A Different Perspective

Our goal is to expand the number of perspectives for your project. While this may sound simple, it is surprisingly uncommon.

Consider web site design for example. Today there are plenty of tools to allow an average person to create a web page. With some time a single person can make a web page that contains the desired information plus graphics and maybe some multimedia (i.e. sound, video, etc.) content. With a little more time the web page can be refined to look good on the web person's one display screen and default web browser.

This is what we call single perspective web design. It is very common.

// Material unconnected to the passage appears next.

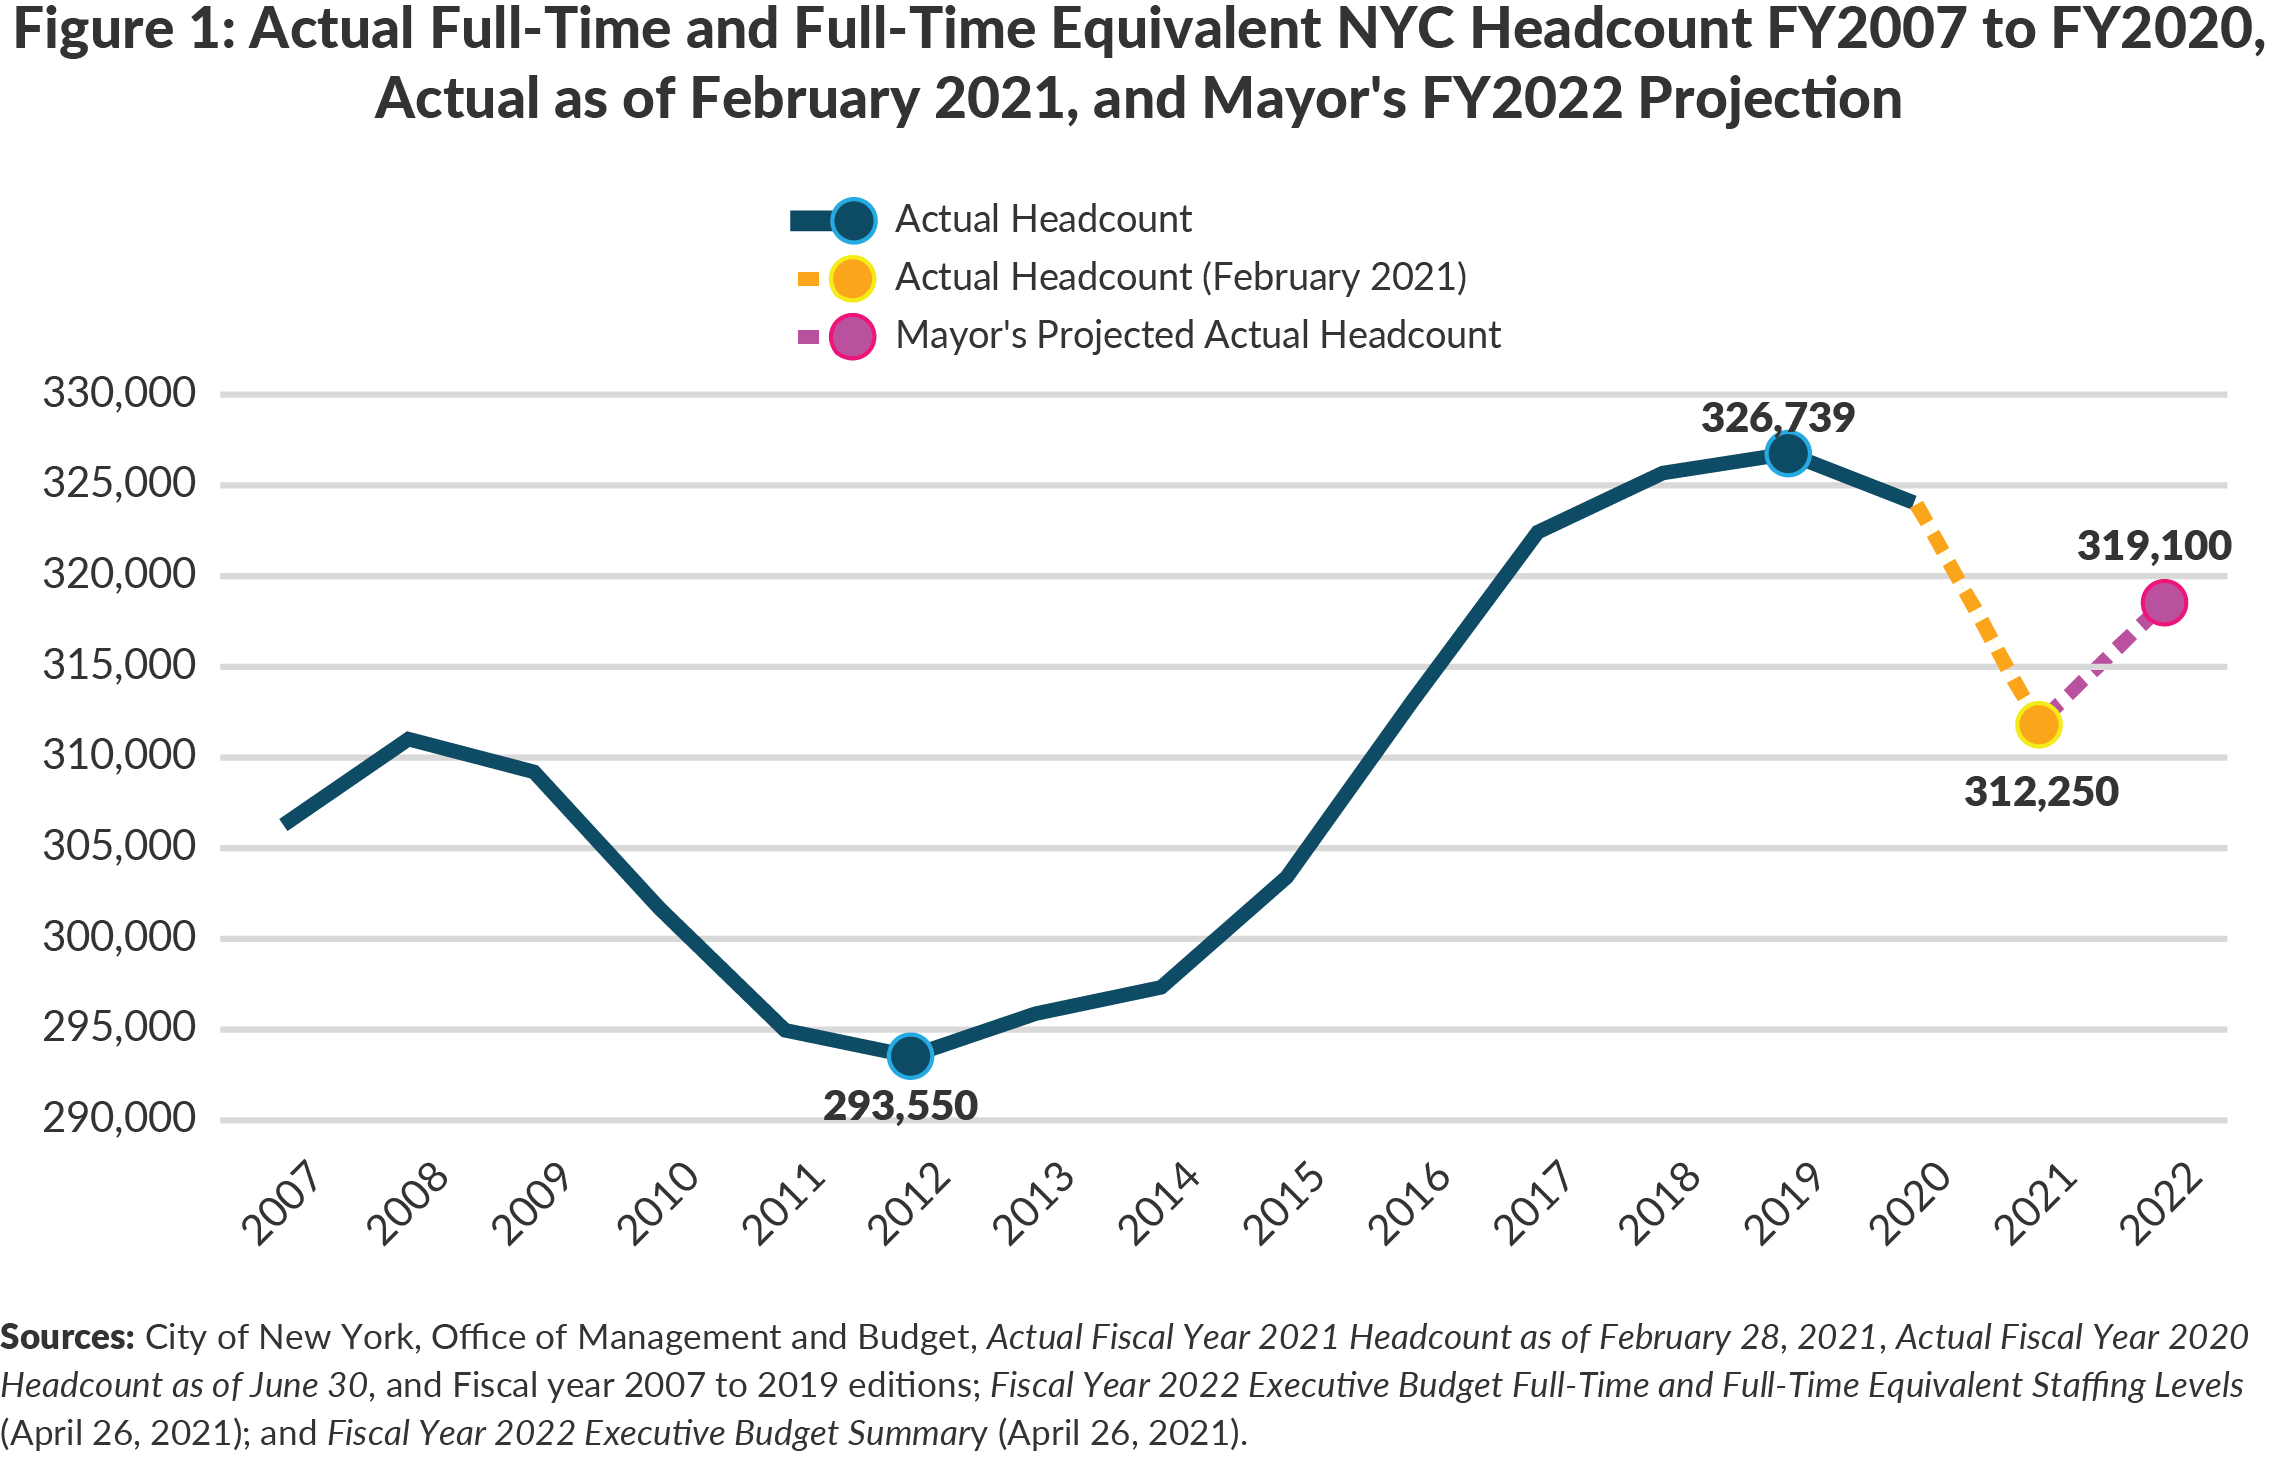 Figure 1. Actual Full-Time and Full-Time Equivalent NYC Headcount FY2007-FY2020, Actual as of February 2021, And Mayor's FY2022 Projection

By single perspective web design we mean it looks good on one computer with one monitor and one web browser. But what happens when that same web page is shown on a different computer with a different brand monitor and possibly a different web browser running on a different operating system? More often than not, it looks different than it does on your display.

Why?

  • Fonts.

Most first time web page authors think about fonts simply as an artistic way of making the page look pretty. A fancy font may look nice on the author's screen, but what does the web page look like when viewed on a computer where that font is not available? Most operating systems will try to substitute a different font, but unless the web authoring software added specific font substitution instructions, the alternate choice is not likely to look like it was originally intended. If the substitution mistakenly selects a non-alphanumeric font, like Wingdings, the text becomes unreadable.

  • Color.

There are whole industries built around nothing more than accurate color. It is hard enough to get the exact desired color of ink on paper, but getting two different monitors to show exactly the same color is nearly impossible. This involves a great number of variables including the display technology, size, speed, and even age. The best choice for color is to ensure the important things are high enough contrast to remain visible even in the worst conditions.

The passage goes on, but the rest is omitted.